Would you retype the listing below word for word, without any of its pictures?

*** Opening DATASET CONTENT ***

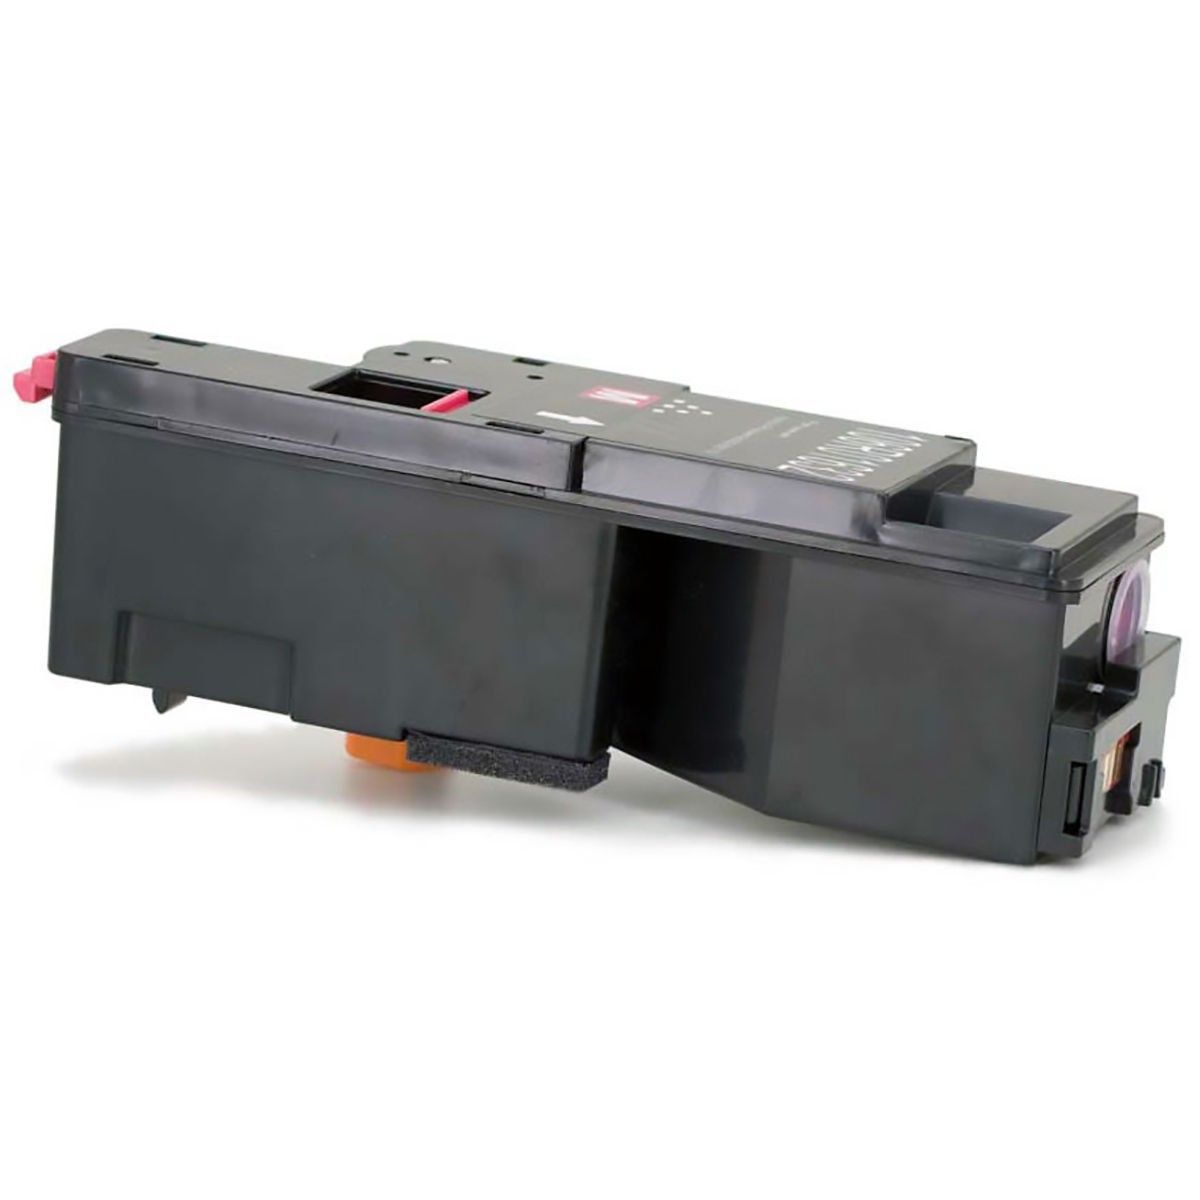 Compatível: Toner 106R01632 para Impressora Xerox WorkCentre 6015 6015b 6015ni Phaser 6000 6010 / Magenta / 1.000
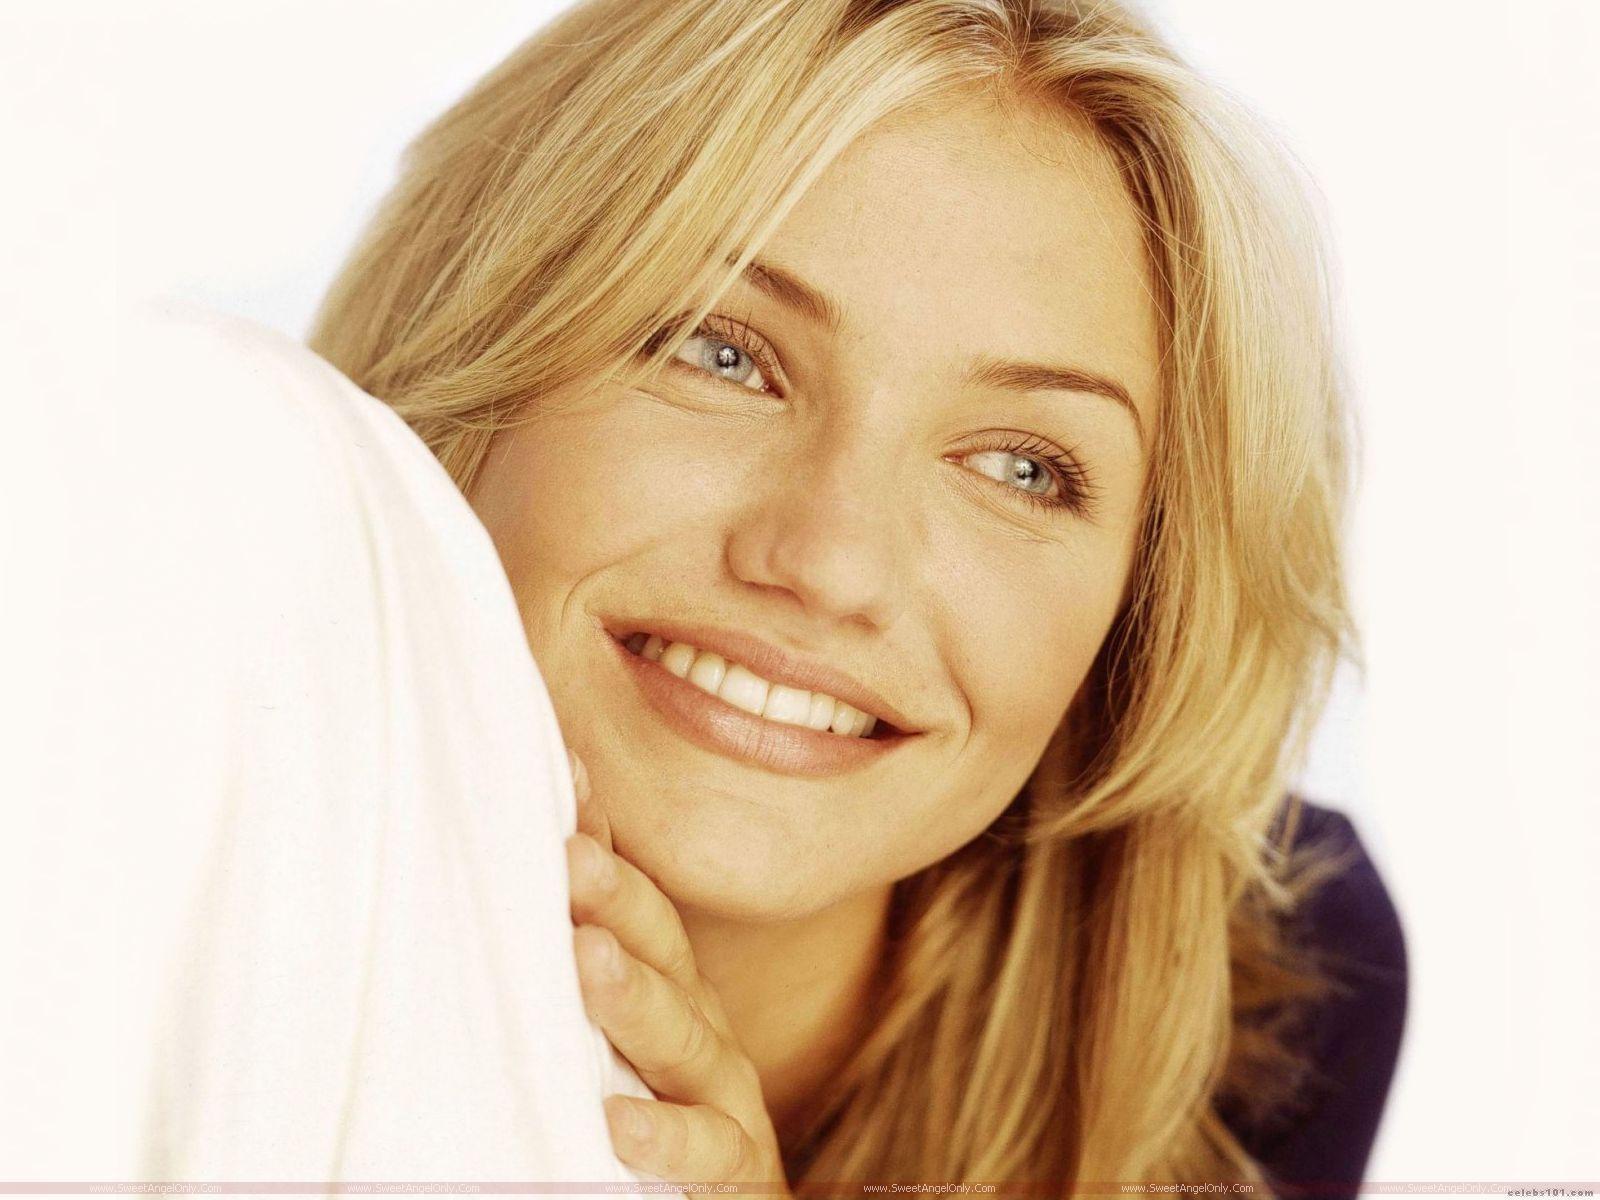 http://3.bp.blogspot.com/-SVGYOePNyCk/Tja53lhAQ1I/AAAAAAAAH9A/SmrE0JixdjM/s1600/Cameron_Diaz_sweet_smile.jpg
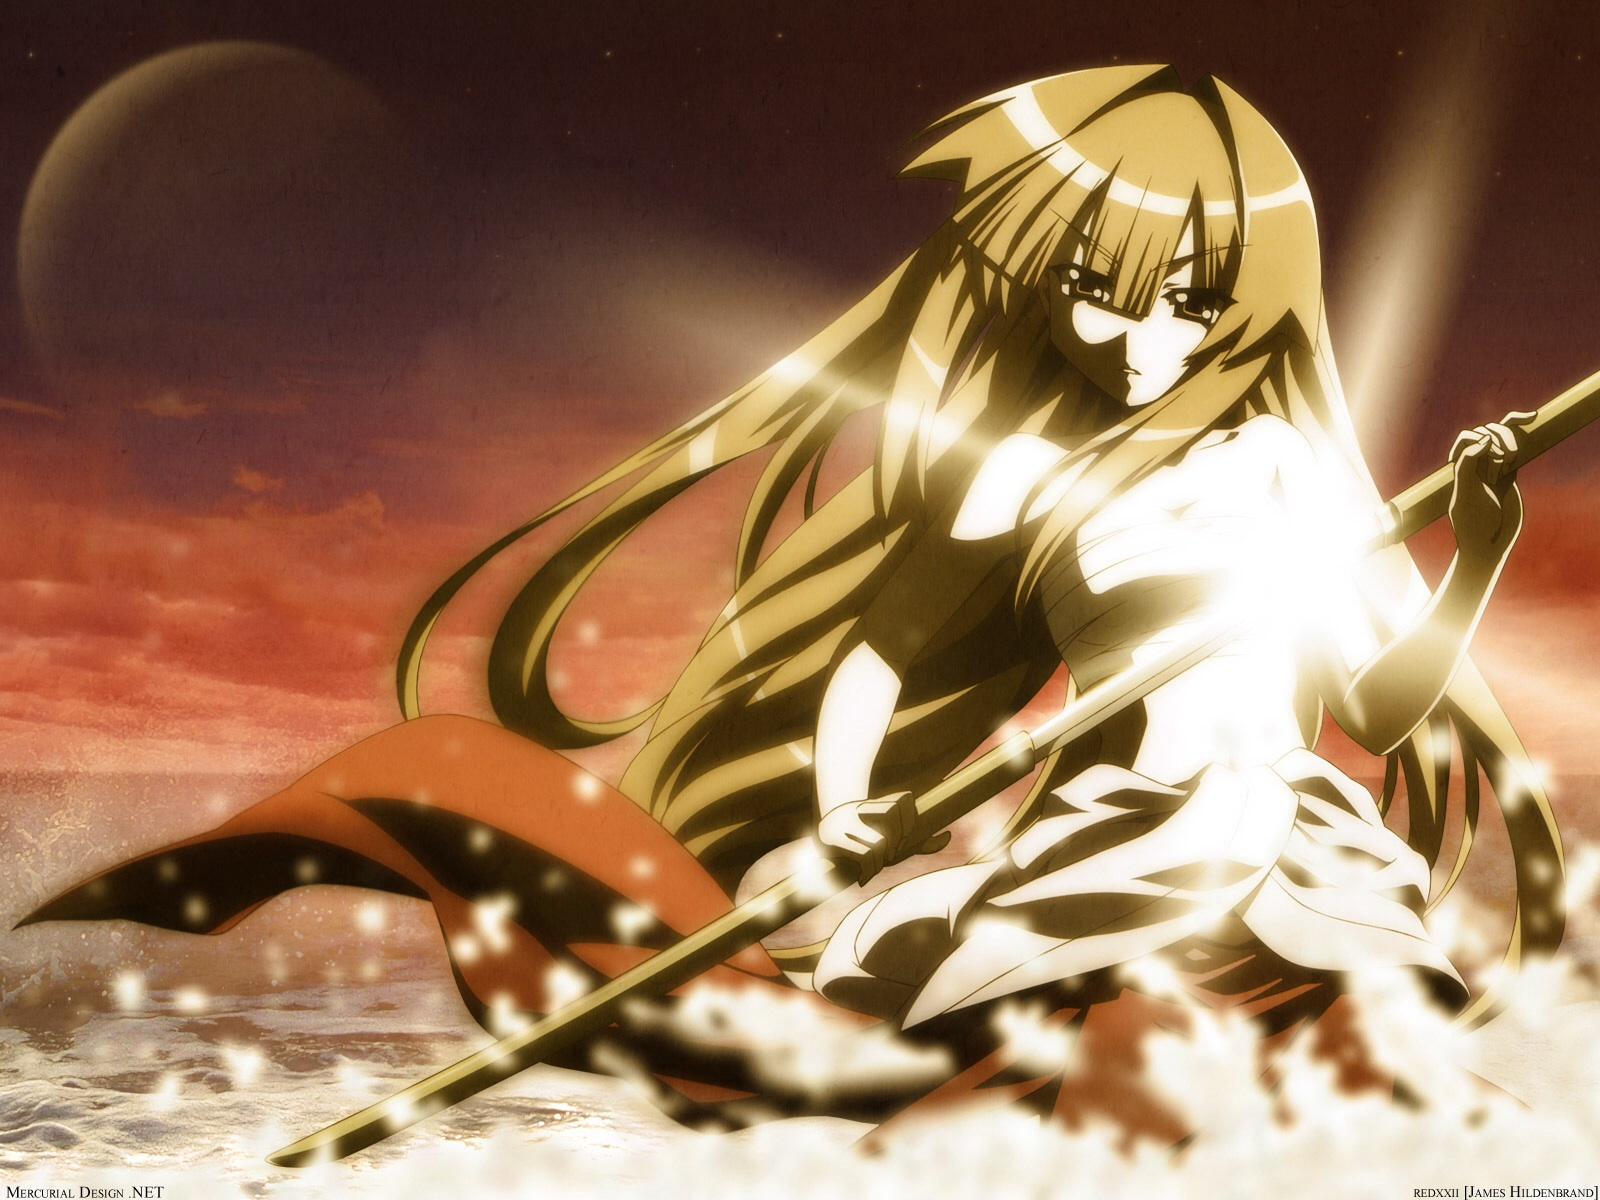 Sun Seto brandishing her sword

*** Closing DATASET CONTENT ***

FINAL ANSWER:
 Compatível: Toner 106R01632 para Impressora Xerox WorkCentre 6015 6015b 6015ni Phaser 6000 6010 / Magenta / 1.000
 http://3.bp.blogspot.com/-SVGYOePNyCk/Tja53lhAQ1I/AAAAAAAAH9A/SmrE0JixdjM/s1600/Cameron_Diaz_sweet_smile.jpg
 Sun Seto brandishing her sword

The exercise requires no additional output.